I may be going out on a limb here, but getting cancer-causing materials out of our buildings seems like it should be a pretty big priority. I would think that we would put the safety of our students, faculty, staff and administrators above pretty much any other concern. Apparently, we’re okay with just saying, “Nah, you’ll be fine.”
According to CSUN Environmental Health and Safety, asbestos has been found in 21 buildings on campus, including such high traffic areas as the bookstore complex, Sierra Hall and the Oviatt Library.

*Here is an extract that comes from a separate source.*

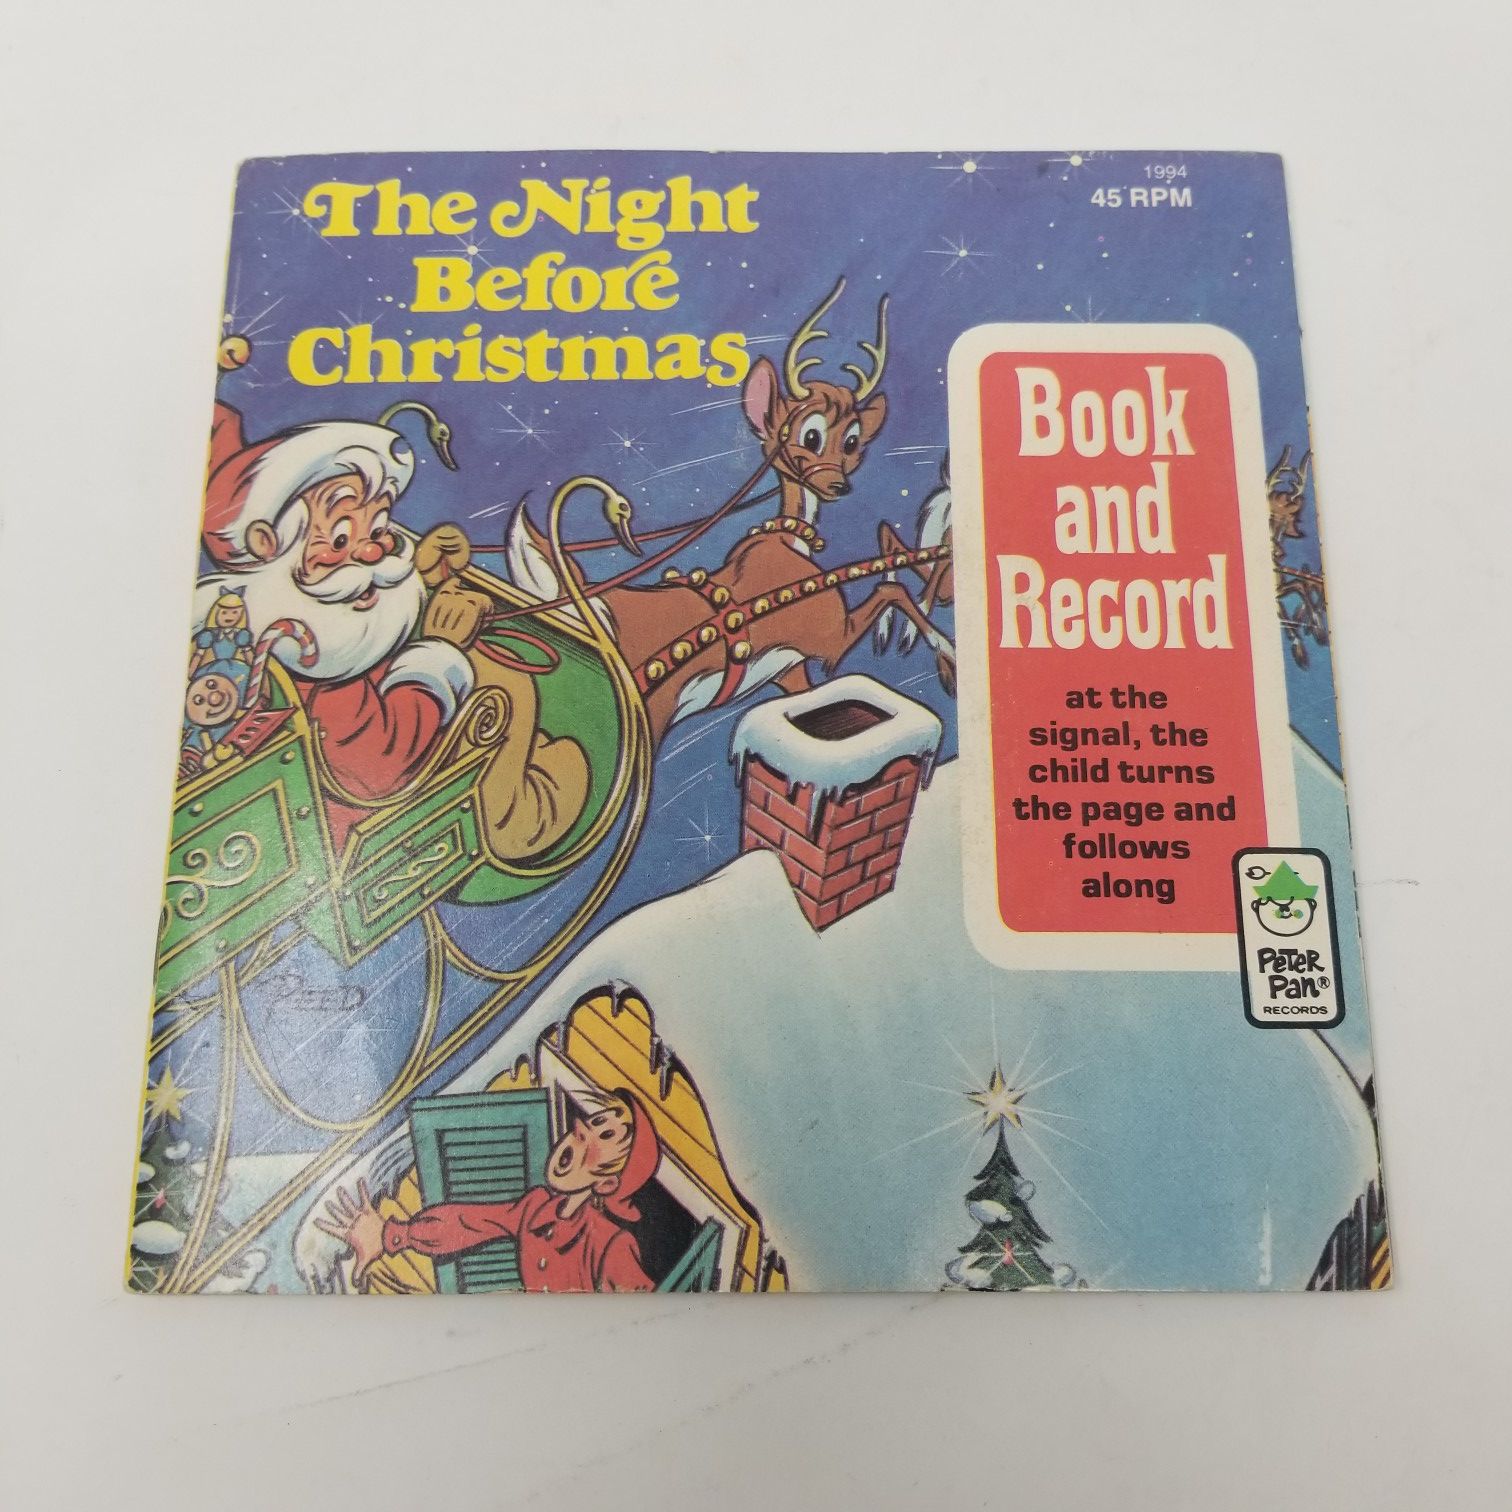 Peter Pan Record The Night Before Christmas Book & Record 45rpm 1977

Asbestos, a naturally occurring mineral, has been used for centuries to increase resistance to fire, but if it’s inhaled in sufficient quantities it can cause lung cancer and a disease known as asbestosis, in which the lungs create an acid to dissolve the asbestos only to scar the lungs. One of the alarming factors in these diseases is that it can take 20 to 30 years for symptoms to appear, too late to prevent the disease. According to CSUN Environmental Health and Safety, the Environmental Protection Agency banned several kinds of asbestos in the 1970s.
The asbestos at CSUN doesn’t really pose an immediate danger, though. Asbestos is only dangerous when it is disturbed and becomes airborne, and most of the asbestos at CSUN is either in floor tiles or relatively low usage areas like maintenance access areas. In Santa Susana Hall, for instance, only three rooms contain asbestos in their floor tiles. In the library, asbestos is only found in the chiller room and the basement.
What has me concerned is where asbestos is in places like the bookstore complex. The bookstore complex has asbestos in its chilled water pipe elbows, lagging and insulation and floor mastic in “various rooms.” I have to wonder exactly which rooms constitute “various rooms.” The ceiling area of The Edge mini-mart is basically a bunch of pipes, and I have to wonder if the mini-mart is one of those “various areas.”
Regardless, I don’t like the idea of having asbestos anywhere on campus. Even if the danger is small, it seems like one of those things that we should be taking care of during the summer or winter sessions when it would have the least impact on the educational process, especially seeing as the areas containing asbestos are often fairly isolated. Instead, we’ve handed out fliers instructing staff of the danger of drilling holes and hanging plants and telling them to call Physical Plant Management if the asbestos becomes disturbed.
I suppose we will eventually just have to remove the asbestos bit by bit due to the deterioration of other building materials. It will probably turn out to be cheaper that way. Still, it seems like taking care of asbestos should really be a high priority, instead of the shrug and a pat on the back the university seems to have made it.